Post by Gorf on Dec 17, 2006 17:26:18 GMT -5
ruffda said:
gorf said:
It was played at a very high level, however, oddly enough there were 60 (35 for Stanord; 25 for Nebraska) unforced errors between the two teams - most of them coming from non-blocked hitting errors.Depends on how you define unforced error. There were very few truly unforced errors last night. Besides that, there were so many long rallies, it was an inevitable many would end in an error.
By the way, 25 errors in a 4 game match isn't too bad, even when it's not played at the level this one was.
Nebraska was right on their season average with 25 unforced errors in a 4 game match.
Stanford was 2 errors per game over their season average 35 unforced errors in a 4 match.
The biggest part of those errors came from non-blocked hitting errors.

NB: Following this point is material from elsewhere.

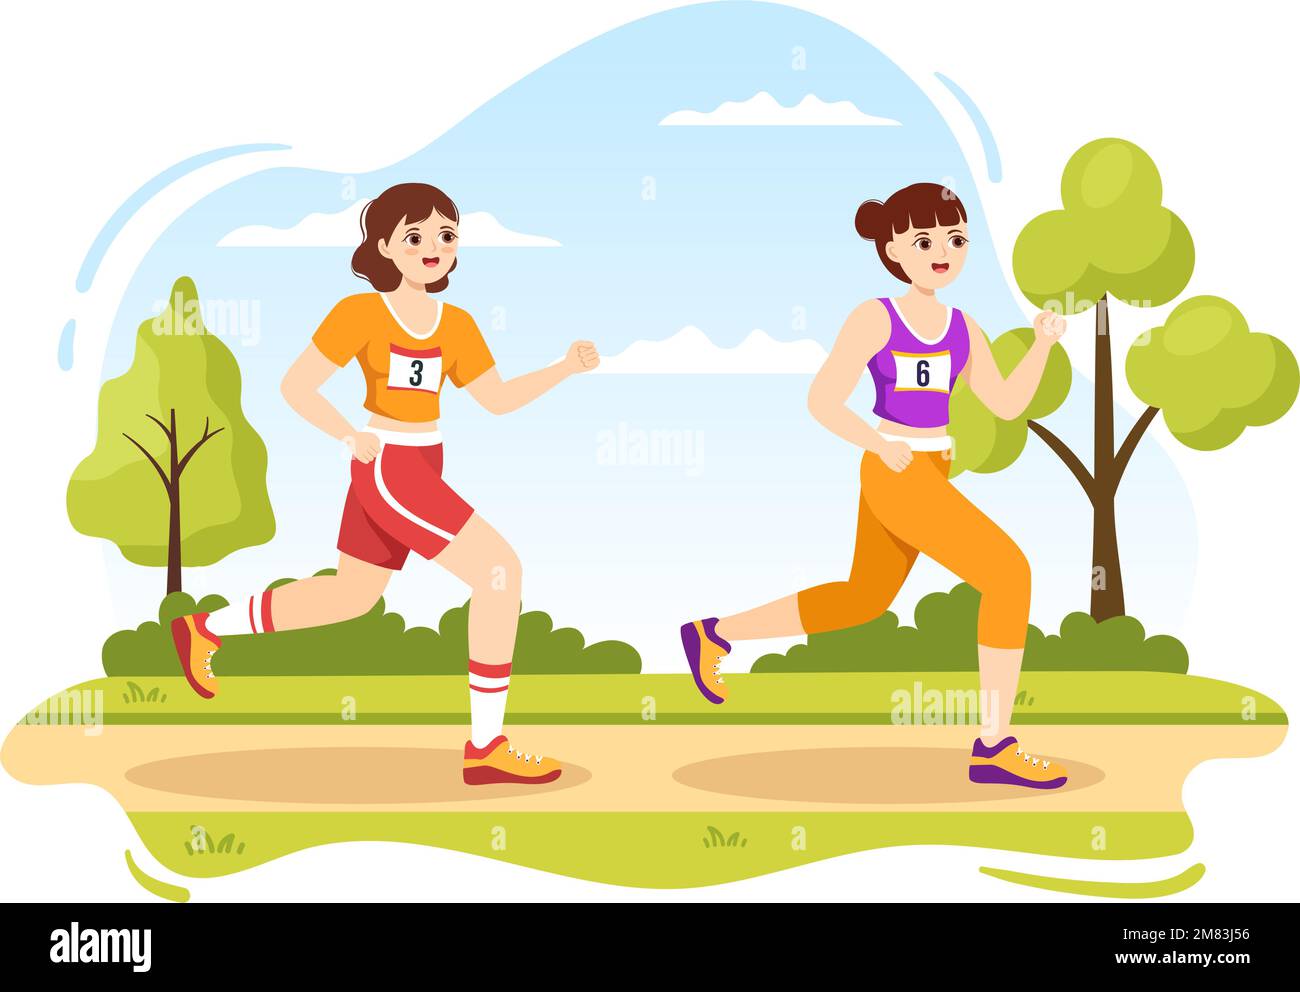 Marathon Race Illustration with People Running, Jogging Sport Tournament and Run to Reach the Finish Line in Flat Cartoon Hand Drawn Template Stock Vector

Certainly those can be considered unforced and I generally try to reference them as "unforced errors", however, a 10 error disparity for the match in favor of Nebraska could have made a large impact on the outcome of the match if Stanford had managed to hold their errors to their season average.
Those 2 points per game with the closeness of the game overall could have split those 2 "extra" points that went to Nebraska to 1 point for each which would actually have a been a 2 point swing in each game.
Game 1: Stanford wins a bit easy.
Game 2: Nebraska wins a bit tigher game.
Game 3: Tied at 29 instead of 30-28 Nebraska.
Game 4: 29-28 Nebraska lead instead of 30-27 win.
Not that all of that would have happened, and Nebraska deserves some credit for getting Stanford to play more tight / nervous / whatever in the find 2-3 games.
I just think those "extra" errors made a definite impact on the final 2-3 games.